Initially, I didn’t understand the ramification of this. It was only when I reached deeper into it that the meaning arose.

The phrase, ‘as soon as you don’t need it, it can happen’ became two sentences, not one.

And it offered me this…surrendering my ‘need’ frees me to receive and it unblocks my way forward. It allows me to think about things from another perspective, one that is creative and energetic. I can rephrase and direct my attention to helpful ideas and solutions that benefit me.

I’m glad I worked my way through this pesky phrase and hope it offers you some meaning too.

Giving Up Sympathy for Myself

When I began writing these posts in October 2020, I felt it would be very important for me to be as honest as I could. I’m not sure if I always am, because we so often tend to fool ourselves. We think one thing but feel another. Which is the truth?

I was struck with a thought lately having to do with how I make my way through an illness or challenge I’m having. It occurred to me that I feel a need for sympathy. Not only my own, but from others as well.

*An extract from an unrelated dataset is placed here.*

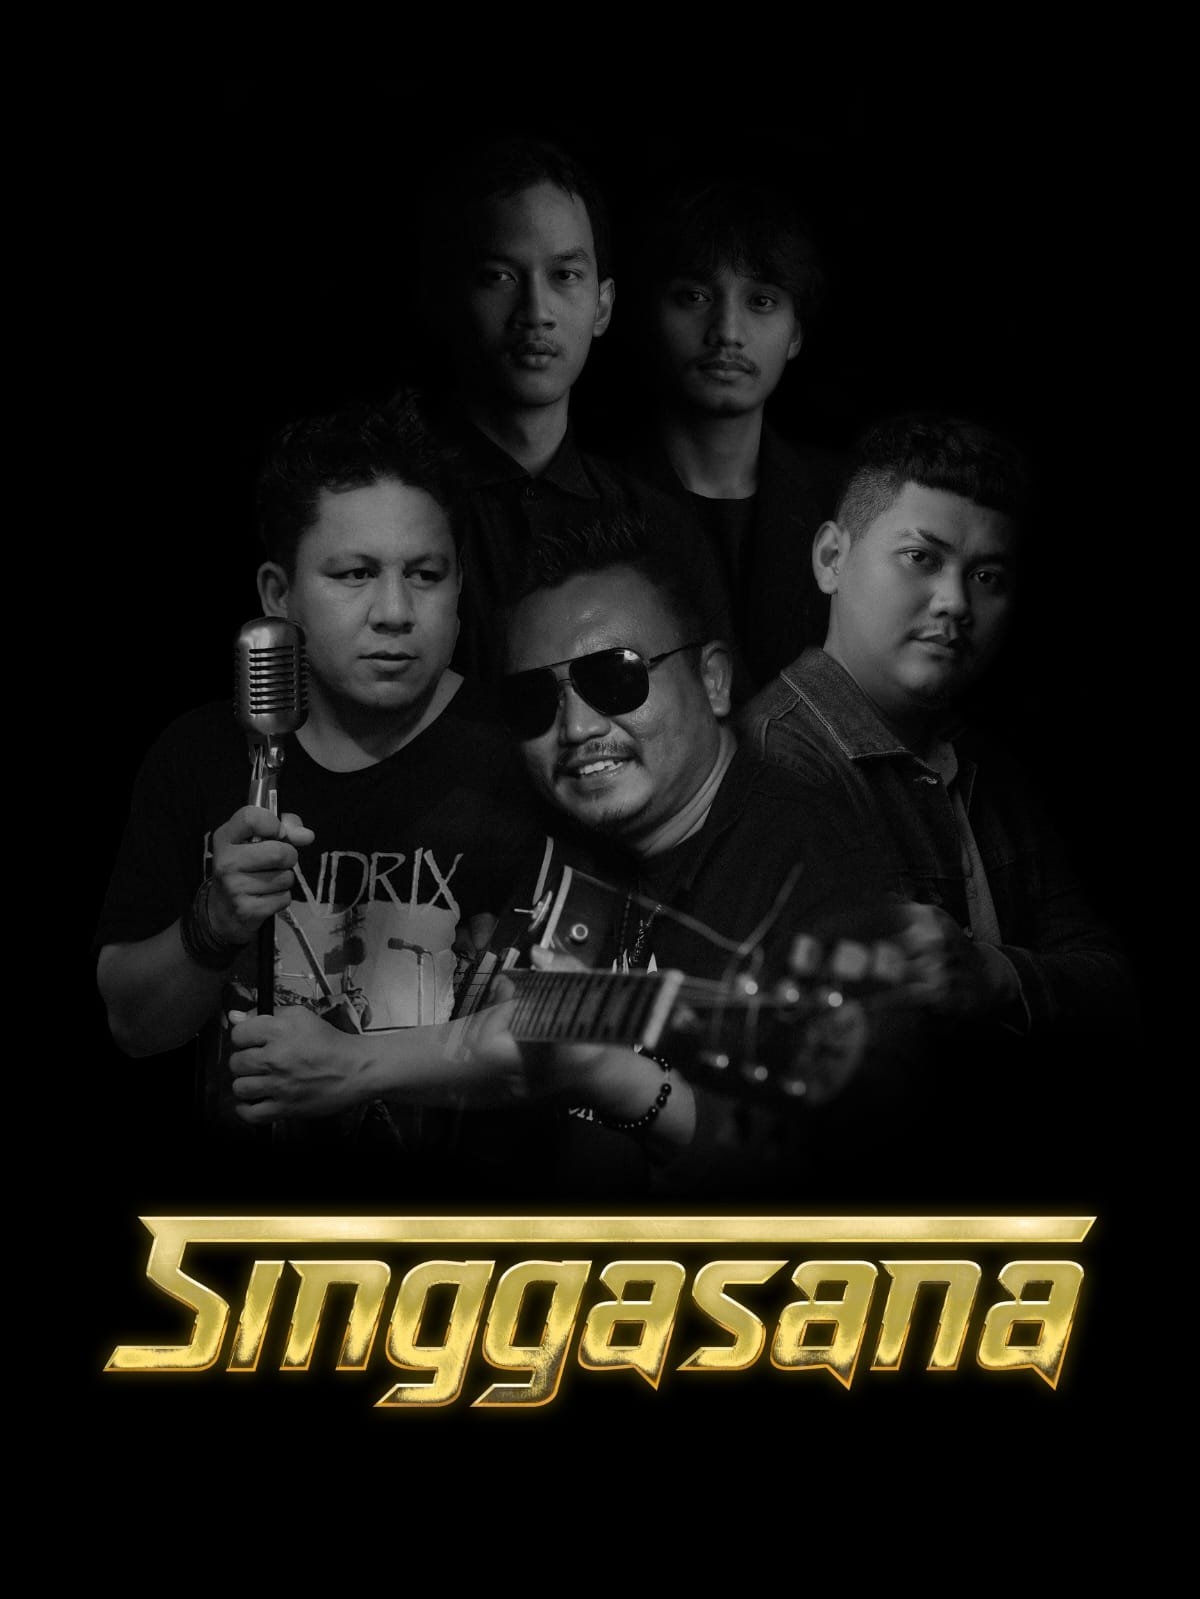 Band Singgasana Rilis Single "Kaulah"

An internal quote materialized out of nowhere.

“The more you are willing to give up your need for sympathy from others, the more easily you’ll be able to accept that all things serve you, even the ones that don’t appear to. Perhaps, especially those.”

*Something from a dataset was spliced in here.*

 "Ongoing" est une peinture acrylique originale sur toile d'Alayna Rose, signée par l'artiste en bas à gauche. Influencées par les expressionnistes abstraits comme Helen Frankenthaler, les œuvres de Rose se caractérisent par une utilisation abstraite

Wow, I thought, there’s a lot of meat in that statement.

I sensed two enormous ideas emerge.

One, that everything serves me. I’ve spent a great deal of time considering this with my head only to fall short of understanding it. My head says this couldn’t possibly be true because its view is narrow. It only looks at the present so, of course whatever problem I’m having seems unfortunate to me and I want to dispense with it as soon as possible.

However, when I engage my heart, the meaning becomes clear, or at least clearer. My heart sees into the distance. It waits and watches and connects the dots so that a whole picture is revealed. Once this happens, I can see that what first seemed to be an insurmountable challenge, is actually a powerful message to me. A message that creates clarity and helps guide my thoughts and actions in the future.

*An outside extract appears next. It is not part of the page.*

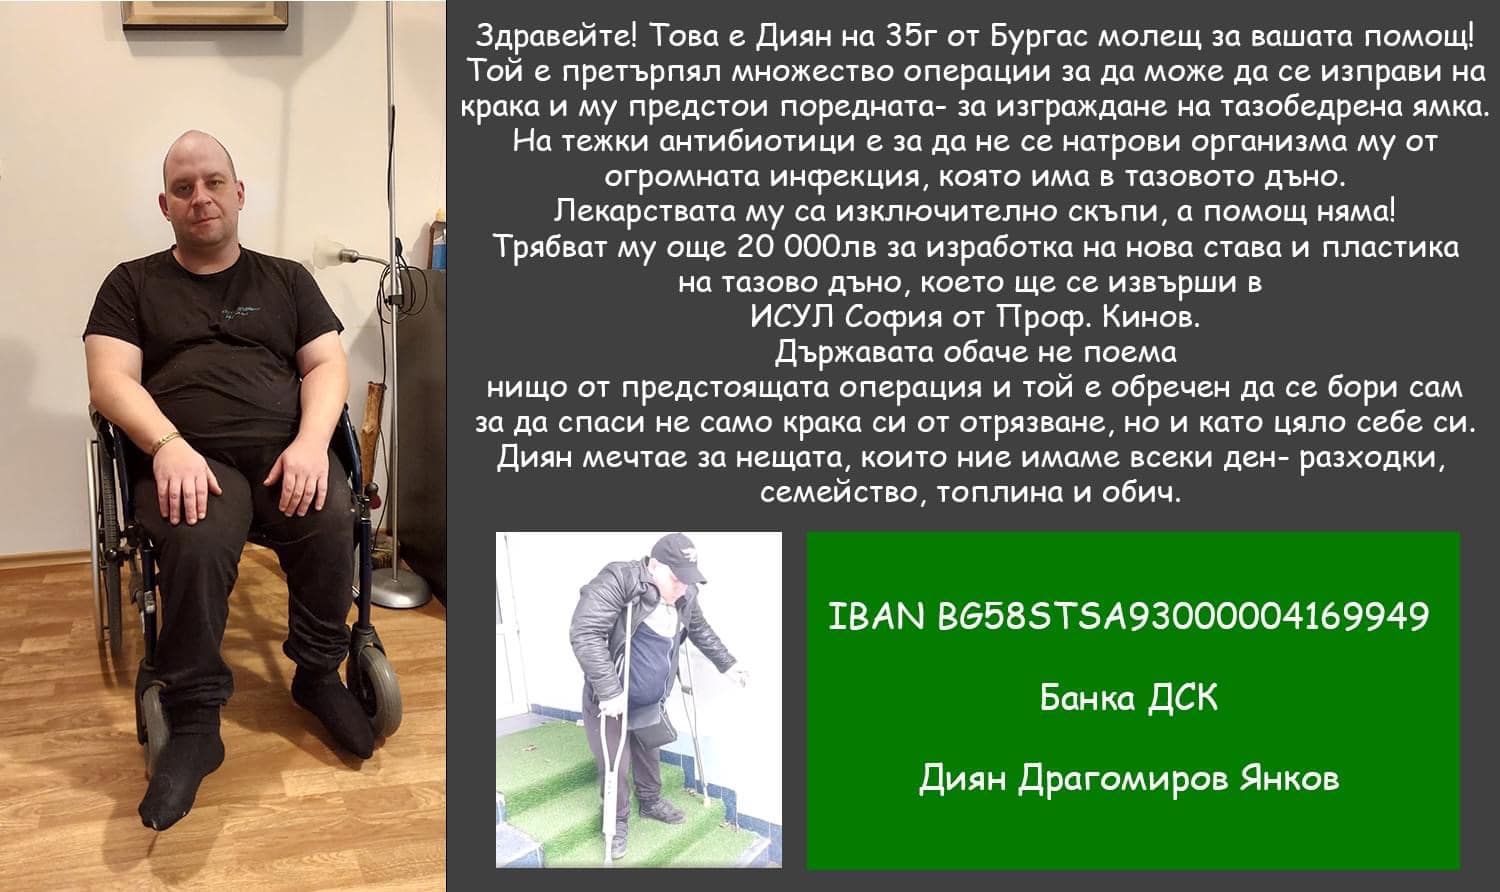 35-годишният Диян Янков от Бургас може да загуби краката си.
8000

The second idea is potent for me. Perhaps others don’t rely on sympathy, but I’ve come to realize that I do.

Feeling that I need the sympathy of others is a huge crutch for me and it prevents me from seeing any depth or from moving on. It makes it difficult to shift and recognize any insights.

The NEED for sympathy becomes my focus and commands my attention, leaving no resources available to me for deciding what would better serve me.

I have to force myself to stop and ask, “what do you want most?”

Part of me responds that I want sympathy from others. It feels good. And yet, I recognize that it is only momentarily satisfying, leaving me unfilled and wanting more.

Another part of me takes a different approach and understands that what I truly desire most is to connect as deeply as possible with the divine inside of me. It knows that every time I focus on soliciting for and accepting sympathy from others, or from myself, there will be a delay in connecting with my heart and my spirit.

I have to decide what is most important to me.

Choosing can be a hard thing to do and I am not always capable of selecting the most beneficial response to the situations I encounter. Maybe this happens to you too.

For now, I’ve decided to give up sympathy for myself and look deeper into the experience so that I can discover the hidden gifts and messages. And I want there to be free space available for me to store the new treasures I find.

I’m pretty sure there will be times I succumb to the charms of seeking sympathy for myself, but my heart feels open and ready to look elsewhere now.